WORK TASK ->
What is the number of lines in these entries that contain "display"? State it alone.

──────── DATA UNDER STUDY ────────

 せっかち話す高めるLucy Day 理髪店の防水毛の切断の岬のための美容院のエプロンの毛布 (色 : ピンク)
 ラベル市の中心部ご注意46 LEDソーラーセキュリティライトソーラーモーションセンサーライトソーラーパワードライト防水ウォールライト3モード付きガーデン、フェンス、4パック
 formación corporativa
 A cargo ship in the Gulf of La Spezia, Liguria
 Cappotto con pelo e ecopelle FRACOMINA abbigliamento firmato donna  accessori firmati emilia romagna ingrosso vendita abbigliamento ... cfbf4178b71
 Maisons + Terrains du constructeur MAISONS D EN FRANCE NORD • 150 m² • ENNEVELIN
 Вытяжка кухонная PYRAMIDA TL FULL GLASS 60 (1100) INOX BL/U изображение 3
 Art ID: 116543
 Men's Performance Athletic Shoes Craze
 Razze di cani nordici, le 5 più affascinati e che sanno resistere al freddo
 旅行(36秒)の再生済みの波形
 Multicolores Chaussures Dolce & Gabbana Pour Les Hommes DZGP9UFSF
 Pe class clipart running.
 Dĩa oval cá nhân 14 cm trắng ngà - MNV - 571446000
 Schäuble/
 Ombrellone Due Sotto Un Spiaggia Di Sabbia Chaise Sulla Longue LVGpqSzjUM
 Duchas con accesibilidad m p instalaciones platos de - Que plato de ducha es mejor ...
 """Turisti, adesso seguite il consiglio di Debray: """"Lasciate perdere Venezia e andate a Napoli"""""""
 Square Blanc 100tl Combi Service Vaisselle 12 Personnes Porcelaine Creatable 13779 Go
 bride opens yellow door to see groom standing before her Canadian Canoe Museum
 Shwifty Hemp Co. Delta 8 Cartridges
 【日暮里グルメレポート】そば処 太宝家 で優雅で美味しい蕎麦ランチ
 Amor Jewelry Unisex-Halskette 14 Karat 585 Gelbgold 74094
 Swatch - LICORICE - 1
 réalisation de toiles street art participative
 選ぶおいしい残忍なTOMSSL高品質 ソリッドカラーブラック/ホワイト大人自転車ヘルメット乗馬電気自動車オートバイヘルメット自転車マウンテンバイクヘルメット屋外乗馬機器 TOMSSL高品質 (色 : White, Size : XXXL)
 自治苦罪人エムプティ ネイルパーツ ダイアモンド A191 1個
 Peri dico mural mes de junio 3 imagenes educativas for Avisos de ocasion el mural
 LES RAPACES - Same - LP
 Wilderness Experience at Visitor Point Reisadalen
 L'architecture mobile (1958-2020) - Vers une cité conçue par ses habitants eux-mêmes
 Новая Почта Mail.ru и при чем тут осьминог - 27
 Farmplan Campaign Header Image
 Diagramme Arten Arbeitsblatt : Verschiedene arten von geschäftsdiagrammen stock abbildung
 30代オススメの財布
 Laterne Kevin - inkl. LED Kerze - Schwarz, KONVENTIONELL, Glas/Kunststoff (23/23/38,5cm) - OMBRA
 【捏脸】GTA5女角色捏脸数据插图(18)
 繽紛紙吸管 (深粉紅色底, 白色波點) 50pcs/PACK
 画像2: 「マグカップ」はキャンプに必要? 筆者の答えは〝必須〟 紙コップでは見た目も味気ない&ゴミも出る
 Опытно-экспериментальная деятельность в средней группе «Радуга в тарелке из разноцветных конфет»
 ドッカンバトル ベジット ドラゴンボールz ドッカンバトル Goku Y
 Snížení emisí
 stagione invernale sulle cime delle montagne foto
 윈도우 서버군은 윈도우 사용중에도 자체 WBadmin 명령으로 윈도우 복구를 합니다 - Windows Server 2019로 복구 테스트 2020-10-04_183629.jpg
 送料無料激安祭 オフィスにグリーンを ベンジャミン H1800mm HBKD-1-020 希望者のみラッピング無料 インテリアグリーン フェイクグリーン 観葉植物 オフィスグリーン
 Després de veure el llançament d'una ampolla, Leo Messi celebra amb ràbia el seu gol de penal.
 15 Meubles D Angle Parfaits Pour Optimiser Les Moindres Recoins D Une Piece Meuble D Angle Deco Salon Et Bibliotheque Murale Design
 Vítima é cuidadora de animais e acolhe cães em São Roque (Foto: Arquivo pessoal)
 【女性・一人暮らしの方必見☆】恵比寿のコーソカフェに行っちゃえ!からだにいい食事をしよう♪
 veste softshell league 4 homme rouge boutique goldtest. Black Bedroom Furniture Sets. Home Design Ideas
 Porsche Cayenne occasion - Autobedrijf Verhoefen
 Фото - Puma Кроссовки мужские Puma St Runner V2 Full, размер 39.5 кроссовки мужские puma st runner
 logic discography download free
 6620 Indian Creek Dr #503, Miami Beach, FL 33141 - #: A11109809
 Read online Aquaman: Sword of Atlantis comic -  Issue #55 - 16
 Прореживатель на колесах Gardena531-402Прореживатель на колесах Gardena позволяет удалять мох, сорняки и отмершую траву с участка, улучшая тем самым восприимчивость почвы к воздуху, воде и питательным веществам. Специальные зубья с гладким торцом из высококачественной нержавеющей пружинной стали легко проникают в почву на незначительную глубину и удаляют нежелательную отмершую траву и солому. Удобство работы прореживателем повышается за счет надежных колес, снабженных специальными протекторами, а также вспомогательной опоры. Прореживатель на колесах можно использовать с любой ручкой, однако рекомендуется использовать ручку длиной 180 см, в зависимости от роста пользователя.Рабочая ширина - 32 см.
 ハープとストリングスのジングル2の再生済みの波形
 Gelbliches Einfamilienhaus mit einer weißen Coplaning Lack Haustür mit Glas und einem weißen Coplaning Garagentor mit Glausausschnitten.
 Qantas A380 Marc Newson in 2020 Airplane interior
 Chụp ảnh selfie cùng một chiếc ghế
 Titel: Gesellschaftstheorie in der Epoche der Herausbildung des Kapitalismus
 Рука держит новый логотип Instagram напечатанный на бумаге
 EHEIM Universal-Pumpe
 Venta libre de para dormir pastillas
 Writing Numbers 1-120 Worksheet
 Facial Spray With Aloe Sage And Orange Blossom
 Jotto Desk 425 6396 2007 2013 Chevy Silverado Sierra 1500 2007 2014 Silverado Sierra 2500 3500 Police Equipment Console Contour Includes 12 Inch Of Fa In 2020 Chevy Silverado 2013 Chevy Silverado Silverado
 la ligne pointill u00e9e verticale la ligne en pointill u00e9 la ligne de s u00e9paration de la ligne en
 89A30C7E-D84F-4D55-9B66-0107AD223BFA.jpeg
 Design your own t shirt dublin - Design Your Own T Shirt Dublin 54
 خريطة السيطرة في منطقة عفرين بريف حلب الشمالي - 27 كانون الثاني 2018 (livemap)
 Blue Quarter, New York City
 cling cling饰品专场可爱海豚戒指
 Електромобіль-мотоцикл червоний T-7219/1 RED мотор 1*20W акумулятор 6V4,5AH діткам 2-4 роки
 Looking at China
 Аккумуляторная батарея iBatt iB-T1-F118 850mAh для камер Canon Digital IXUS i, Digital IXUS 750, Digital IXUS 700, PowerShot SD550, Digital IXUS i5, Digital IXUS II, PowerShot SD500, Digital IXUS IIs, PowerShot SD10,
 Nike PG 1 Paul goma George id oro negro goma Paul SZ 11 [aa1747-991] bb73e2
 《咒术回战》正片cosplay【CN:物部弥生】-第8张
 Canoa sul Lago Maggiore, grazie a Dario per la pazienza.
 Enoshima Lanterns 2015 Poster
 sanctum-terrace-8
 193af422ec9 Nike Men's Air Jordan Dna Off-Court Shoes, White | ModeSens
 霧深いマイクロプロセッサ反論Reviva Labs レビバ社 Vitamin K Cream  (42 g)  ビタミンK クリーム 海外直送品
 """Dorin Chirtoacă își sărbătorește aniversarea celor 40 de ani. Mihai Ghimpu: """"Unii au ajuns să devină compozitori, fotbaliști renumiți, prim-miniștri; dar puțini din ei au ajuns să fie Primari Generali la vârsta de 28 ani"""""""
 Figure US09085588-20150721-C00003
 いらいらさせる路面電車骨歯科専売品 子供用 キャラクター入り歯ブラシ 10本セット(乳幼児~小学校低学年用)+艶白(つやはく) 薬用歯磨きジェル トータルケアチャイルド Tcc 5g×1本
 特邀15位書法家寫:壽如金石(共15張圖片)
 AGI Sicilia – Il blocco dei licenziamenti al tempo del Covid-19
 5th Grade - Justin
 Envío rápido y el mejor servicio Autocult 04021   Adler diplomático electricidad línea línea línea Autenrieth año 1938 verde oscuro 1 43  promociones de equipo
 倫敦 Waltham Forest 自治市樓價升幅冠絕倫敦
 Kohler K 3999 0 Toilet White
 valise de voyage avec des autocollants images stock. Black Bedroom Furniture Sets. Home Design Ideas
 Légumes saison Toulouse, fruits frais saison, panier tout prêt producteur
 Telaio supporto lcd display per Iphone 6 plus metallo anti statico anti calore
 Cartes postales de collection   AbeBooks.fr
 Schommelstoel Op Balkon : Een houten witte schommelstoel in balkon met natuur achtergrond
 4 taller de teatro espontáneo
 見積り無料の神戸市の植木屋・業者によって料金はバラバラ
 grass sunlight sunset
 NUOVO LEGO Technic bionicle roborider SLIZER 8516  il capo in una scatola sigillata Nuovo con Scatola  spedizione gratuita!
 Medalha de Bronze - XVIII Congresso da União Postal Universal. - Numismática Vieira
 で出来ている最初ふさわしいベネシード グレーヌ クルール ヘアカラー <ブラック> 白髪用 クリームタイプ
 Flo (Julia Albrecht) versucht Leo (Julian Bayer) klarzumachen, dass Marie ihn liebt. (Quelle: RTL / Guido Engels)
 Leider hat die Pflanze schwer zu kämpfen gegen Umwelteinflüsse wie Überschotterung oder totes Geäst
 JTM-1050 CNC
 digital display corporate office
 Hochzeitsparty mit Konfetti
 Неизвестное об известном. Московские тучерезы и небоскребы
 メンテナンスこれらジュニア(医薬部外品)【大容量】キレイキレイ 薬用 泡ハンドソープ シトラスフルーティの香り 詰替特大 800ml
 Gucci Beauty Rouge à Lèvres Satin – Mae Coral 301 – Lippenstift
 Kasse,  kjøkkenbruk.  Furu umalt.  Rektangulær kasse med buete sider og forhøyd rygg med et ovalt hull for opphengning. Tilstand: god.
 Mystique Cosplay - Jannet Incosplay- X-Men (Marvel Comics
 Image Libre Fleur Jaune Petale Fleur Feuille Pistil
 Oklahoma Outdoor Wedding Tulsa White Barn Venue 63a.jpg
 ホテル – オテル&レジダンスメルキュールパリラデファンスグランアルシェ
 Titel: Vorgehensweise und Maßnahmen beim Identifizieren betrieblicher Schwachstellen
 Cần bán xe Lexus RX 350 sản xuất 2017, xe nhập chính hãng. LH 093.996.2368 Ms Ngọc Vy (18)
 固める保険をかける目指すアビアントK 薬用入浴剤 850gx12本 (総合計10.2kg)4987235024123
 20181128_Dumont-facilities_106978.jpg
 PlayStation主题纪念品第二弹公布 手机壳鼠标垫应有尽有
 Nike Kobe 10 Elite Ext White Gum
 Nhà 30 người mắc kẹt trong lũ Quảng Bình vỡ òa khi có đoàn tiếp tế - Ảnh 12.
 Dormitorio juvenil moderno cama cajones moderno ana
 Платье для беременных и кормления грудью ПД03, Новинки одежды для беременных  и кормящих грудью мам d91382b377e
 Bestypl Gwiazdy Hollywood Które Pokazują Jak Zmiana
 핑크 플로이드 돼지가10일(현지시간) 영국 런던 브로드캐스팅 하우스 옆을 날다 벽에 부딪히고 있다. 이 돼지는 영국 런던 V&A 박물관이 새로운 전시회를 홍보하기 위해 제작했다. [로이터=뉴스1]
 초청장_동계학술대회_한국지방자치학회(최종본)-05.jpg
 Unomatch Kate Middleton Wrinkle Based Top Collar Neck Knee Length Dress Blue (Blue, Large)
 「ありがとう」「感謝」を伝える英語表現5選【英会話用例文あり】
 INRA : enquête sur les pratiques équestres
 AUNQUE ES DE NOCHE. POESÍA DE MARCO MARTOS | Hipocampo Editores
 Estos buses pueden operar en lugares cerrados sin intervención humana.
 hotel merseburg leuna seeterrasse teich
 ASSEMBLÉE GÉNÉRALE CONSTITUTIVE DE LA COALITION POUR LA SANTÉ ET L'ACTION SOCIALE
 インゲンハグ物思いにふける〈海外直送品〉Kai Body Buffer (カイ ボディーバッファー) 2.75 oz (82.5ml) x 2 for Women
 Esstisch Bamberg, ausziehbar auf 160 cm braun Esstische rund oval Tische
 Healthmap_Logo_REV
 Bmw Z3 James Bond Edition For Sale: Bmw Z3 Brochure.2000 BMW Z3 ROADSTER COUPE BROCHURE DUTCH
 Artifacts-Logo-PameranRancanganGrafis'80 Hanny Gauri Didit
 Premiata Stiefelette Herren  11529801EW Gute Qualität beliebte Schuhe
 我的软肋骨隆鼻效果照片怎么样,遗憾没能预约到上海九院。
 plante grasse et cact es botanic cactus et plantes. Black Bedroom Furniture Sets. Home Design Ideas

────────

SOLUTION TO THIS PROBLEM ->
2